Увлечение Нелидовой, увлечение княгиней Гагариной все равно не выбили у него воспоминаний о счастливом их десятилетии, он все равно любил ее и уважал как мать своих детей. Обманутый своими придворными, он грозился и ее заточить в монастырь, но она никогда не верила в реальность этих угроз…
Она все простила ему: сумрачный и нелепый нрав, угрозы и буйные припадки гнева — она любила и жалела его…
Только выполнив эту такую необходимую ей церемонию прощания, она согласилась переехать в Зимний, но там устроила допрос Александру и Константину и, поставив их на колени перед образом Богородицы, заставила поклясться в невиновности…
Значит, и ей он солгал — он знал все, хотя и не предполагал, что трон его обагрится кровью отца…
Мария Федоровна не успокоилась до тех пор, пока не заставила сына наказать всех убийц Павла — ссылка, Сибирь, действующая армия, крепость. У трона не осталось никого из участников переворота 1801 года…

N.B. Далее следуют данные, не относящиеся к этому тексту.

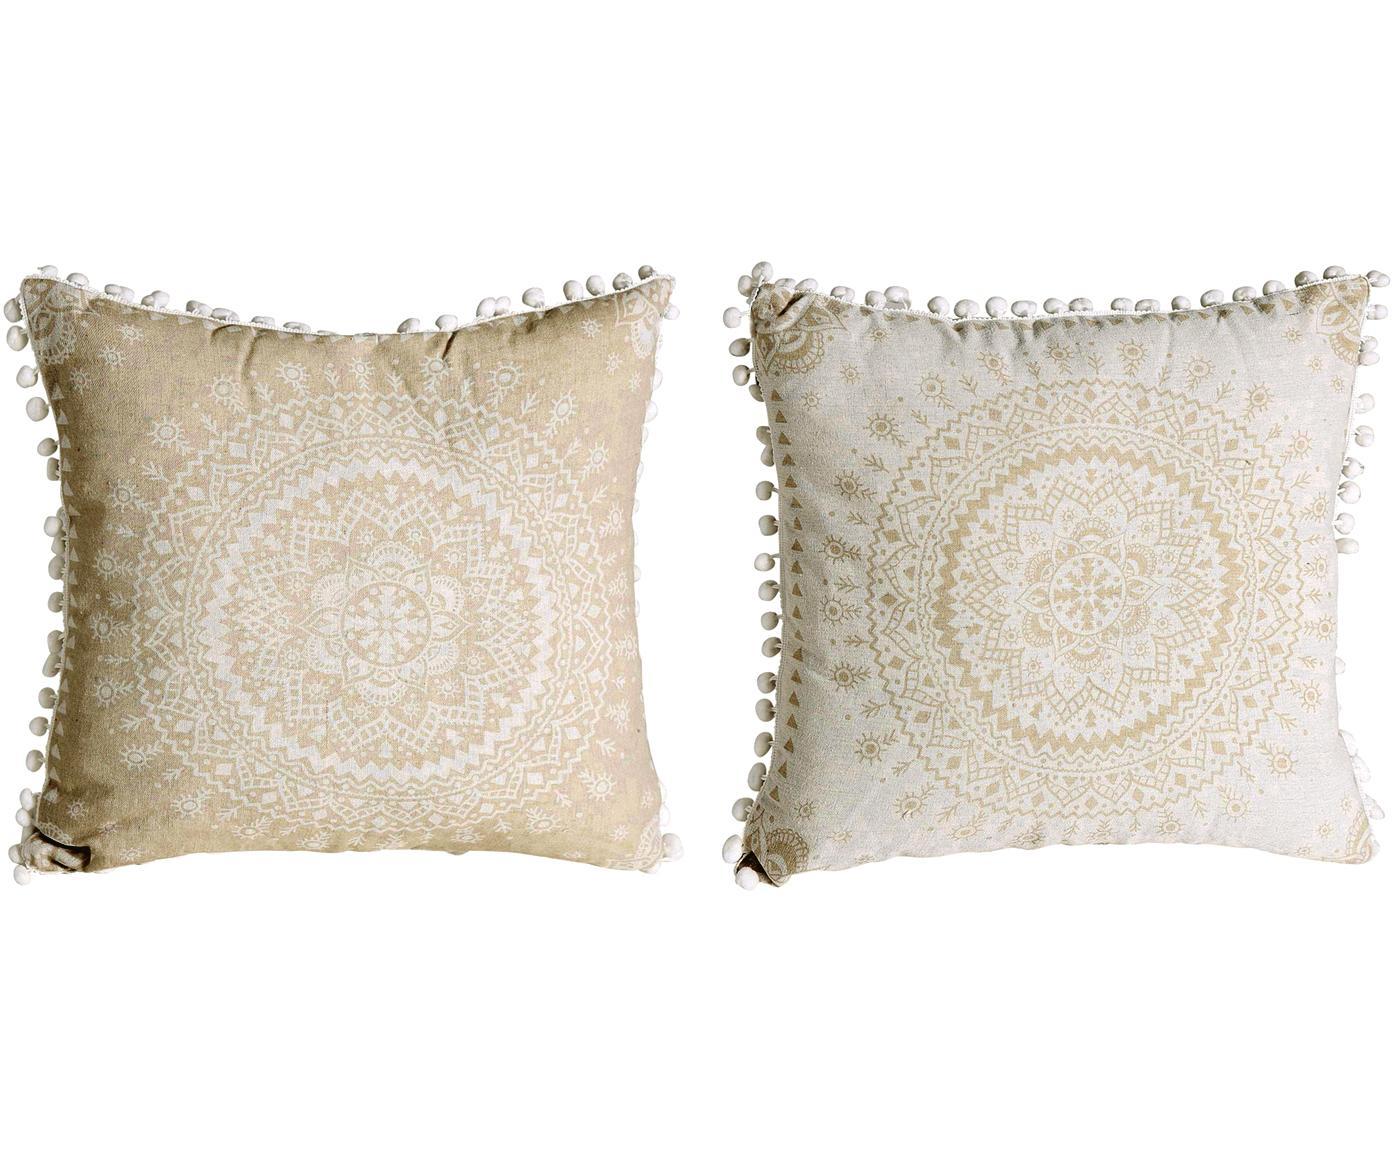 Kussen met patroon Paloma met vulling, 2 stuks, Polyester, Beige, wit, 45 x 45 cm

Своего родного дядю Дениса Ивановича Фонвизина Михаил Александрович видел всего один только раз в жизни. Было это в смоленском имении Дениса Ивановича. Он вернулся туда из Парижа, где провел последние годы после отставки горячо любимого им друга и начальника по иностранной коллегии — Никиты Ивановича Панина. Имение это было подарено ему им же, Никитой Ивановичем. Императрица Екатерина уволила в отставку всегда противостоящего ей Панина, но не желала оставить по себе плохую память — бескорыстный, прямой и умный царедворец Никита Иванович был воспитателем ее сына, обер-гофмейстером малого двора Павла и руководил всей внешней политикой России на протяжении многих лет. После первого раздела Польши, против которого все время выступал Панин, она, желая задобрить своего первоприсутствующего в иностранной коллегии, подарила ему девять тысяч душ крепостных с поместьями, селениями. Никита Иванович отдал четыре из них своим помощникам — Убри, Фонвизину и Бакунину. Последний оказался предателем, предал Никиту Ивановича в ответ на эту его милость…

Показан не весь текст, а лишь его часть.